In the Post-Communion Prayer, we pray “Now send us out to do the work you have given us to do,” taking our cue from Jesus who sends out his followers to “proclaim the Good News that kingdom has come near.” But he warns us, be wise as serpents and as innocent as doves because there are wolves out there. When God does the impossible and the unexpected, it will frustrate the plans of those who were banking on the status quo continuing. So we must be wise and compassionate.

And it’s also hard work because, often, these new beginnings that God gives us mean there is a break with what used to be. When Abraham and Sarah left Ur, they left behind everything. When God told Mary that she would bear a son, it turned her life upside down. Or, as the Lutheran pastor who was killed by the Nazis, Dietrich Bonhoeffer, put it – “When Christ calls us, he bids us come and die.” Sometimes God’s wondrous and marvelous transformation is not a happy ending to the old story, but the start of a radically new story, as it was for Sarah and Abraham. In these new starts of grace, sometimes things are left behind. Whether or not this nation can overcome its history of racism, I really don’t know. But I dokdo that, while were still sinners, God proved his love for us in Christ’s death. And three days after that death, the impossible became possible as Jesus rose from the dead. Nothing is too wondrous or marvelous for God, and that is where we find hope in the midst of life’s impossible situations.

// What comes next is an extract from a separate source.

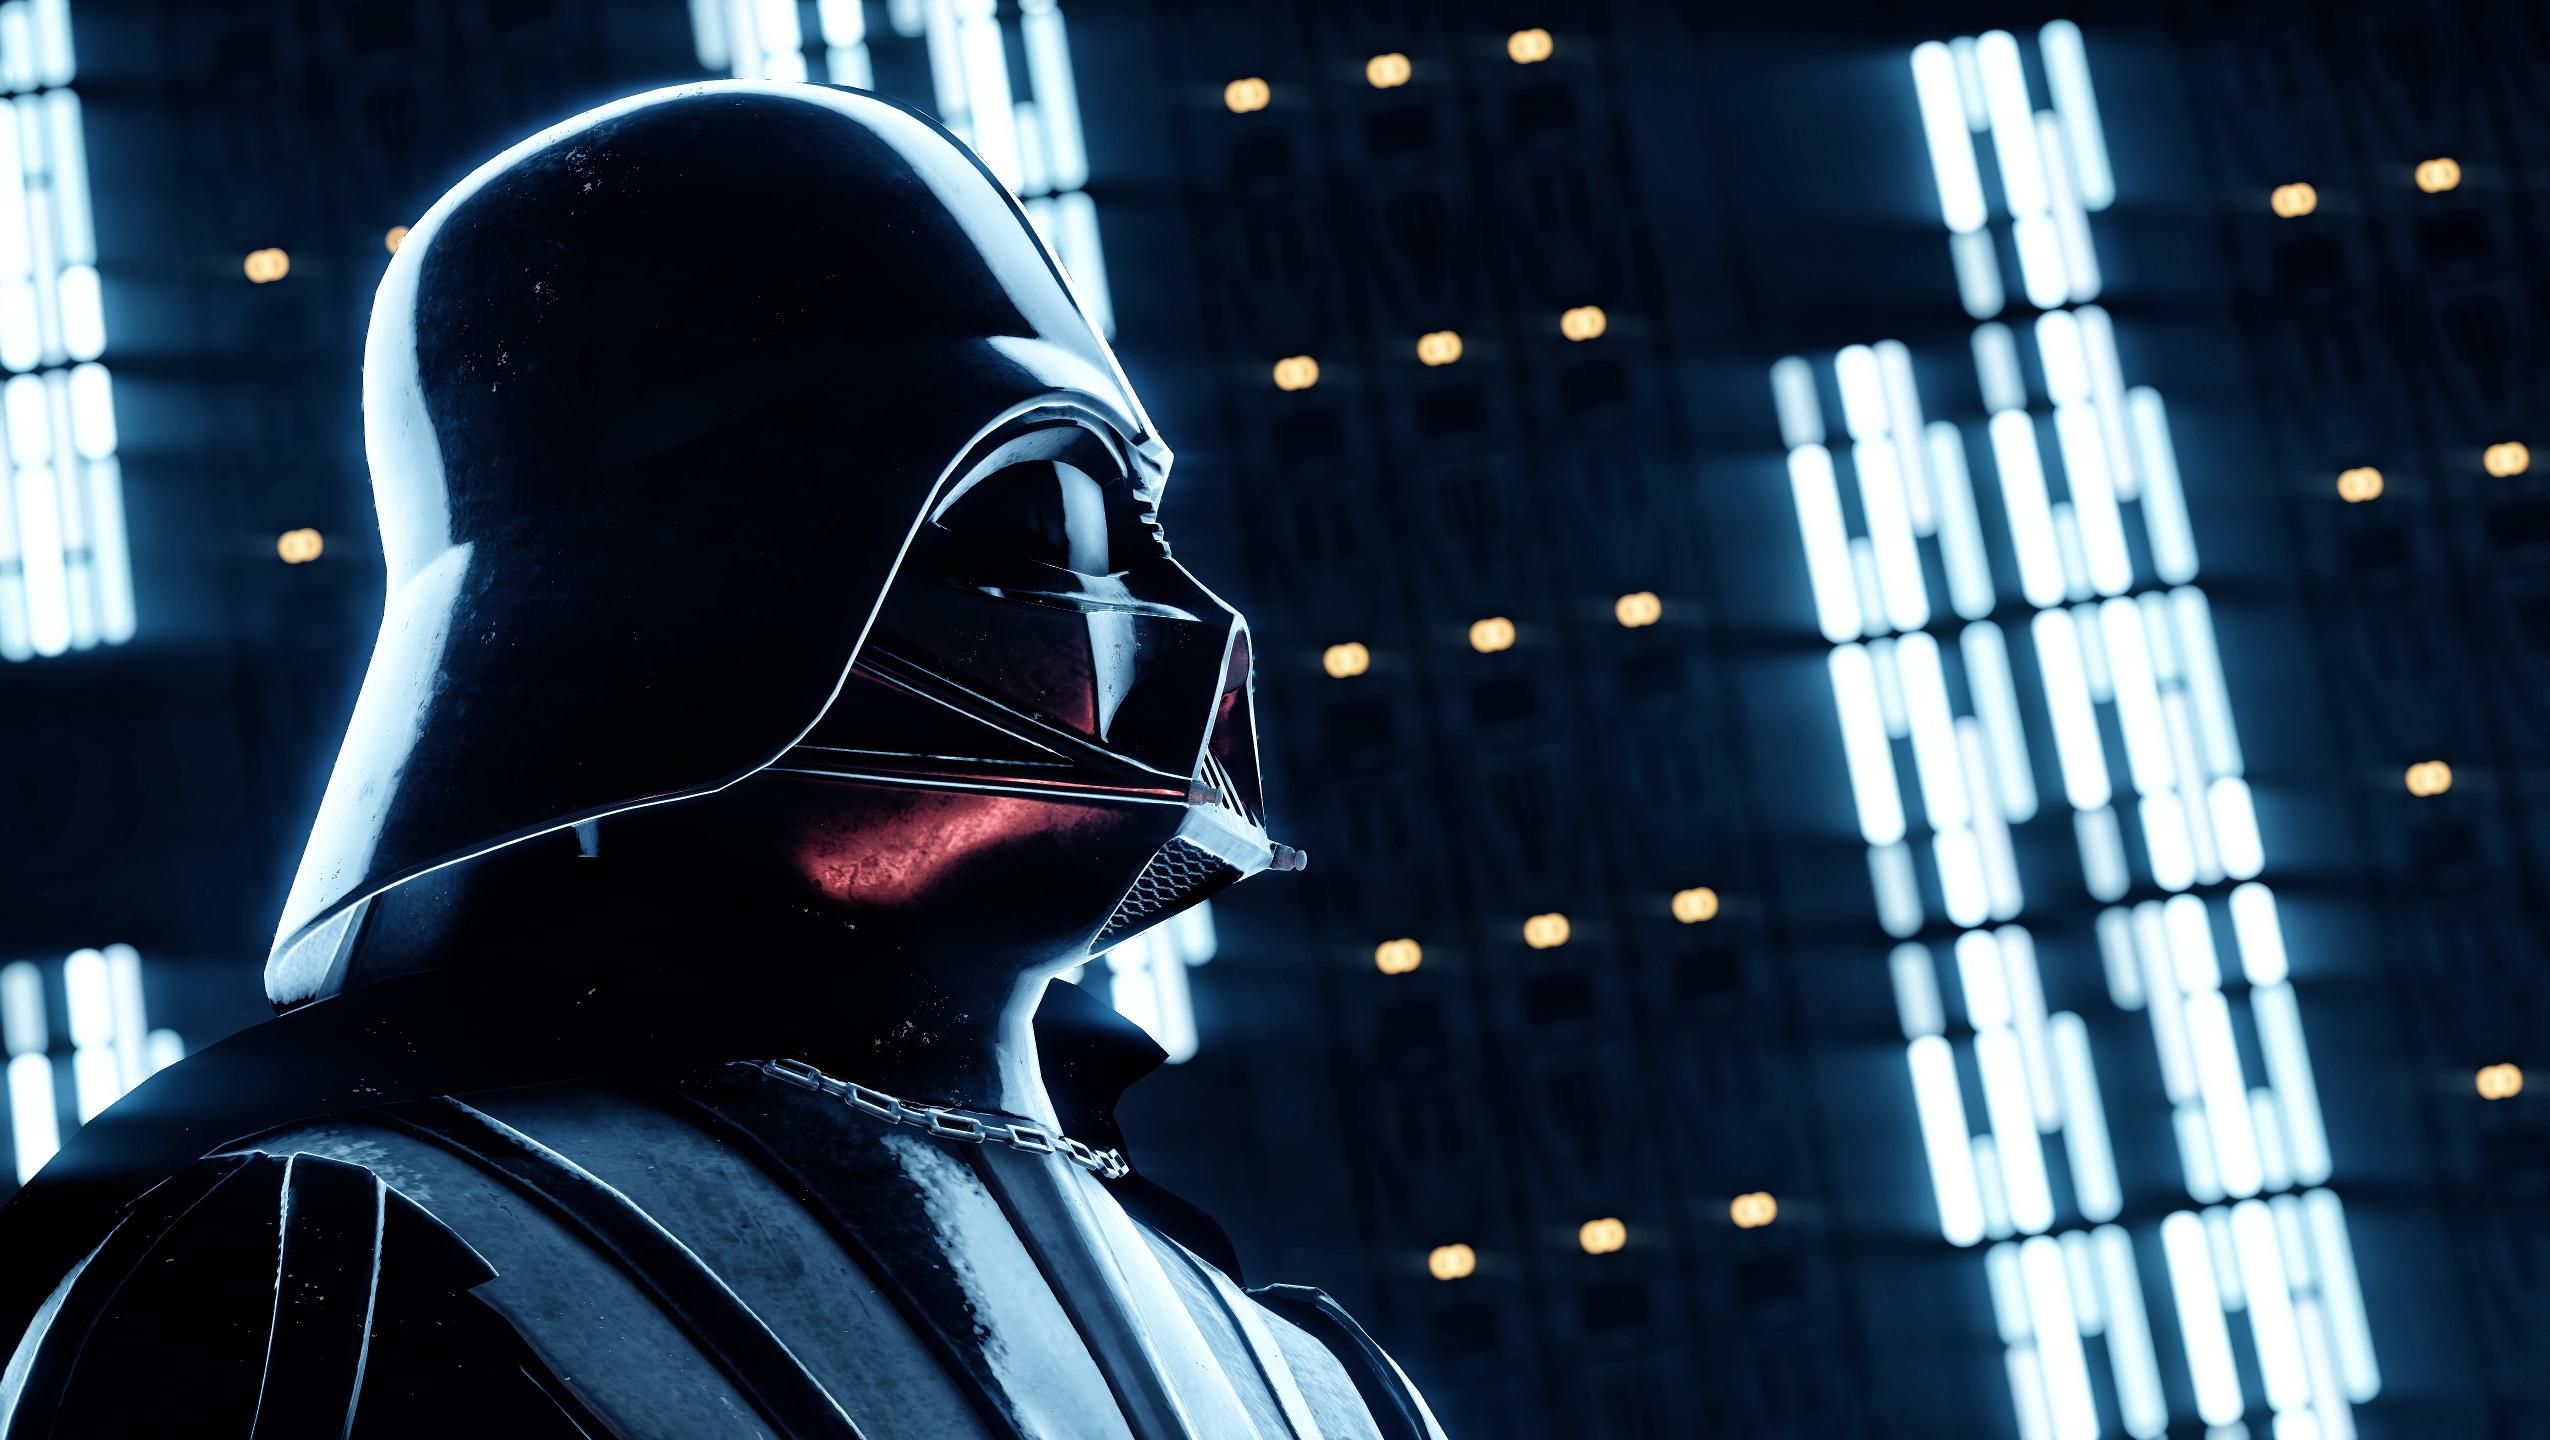 Star Wars Battlefront II Video Games Darth Vader

And this is all laughable – Sarah laughs when she hears that she will have a child, she even names her son “laughter,” which is what “Isaac” means. God’s grace starts with the laughter of the absurd and is transformed into the laughter of true joy. The angel Gabriel tells blessed Mary, “For nothing will be impossible with God.” That’s what it means to be a Christian, to be someone who anticipates and prays for the impossible.

At the end of Morning or Evening Prayer, one of the options for concluding the liturgy is this verse from Ephesians, and it’s a good verse to carry you this week as we pray for God to transform our lives and our society in the love of Jesus and by the power of the Spirit: Glory to God whose power, working in us, can do infinitely more than we can ask or imagine: Glory to him from generation to generation in the Church, and in Christ Jesus for ever and ever. Amen.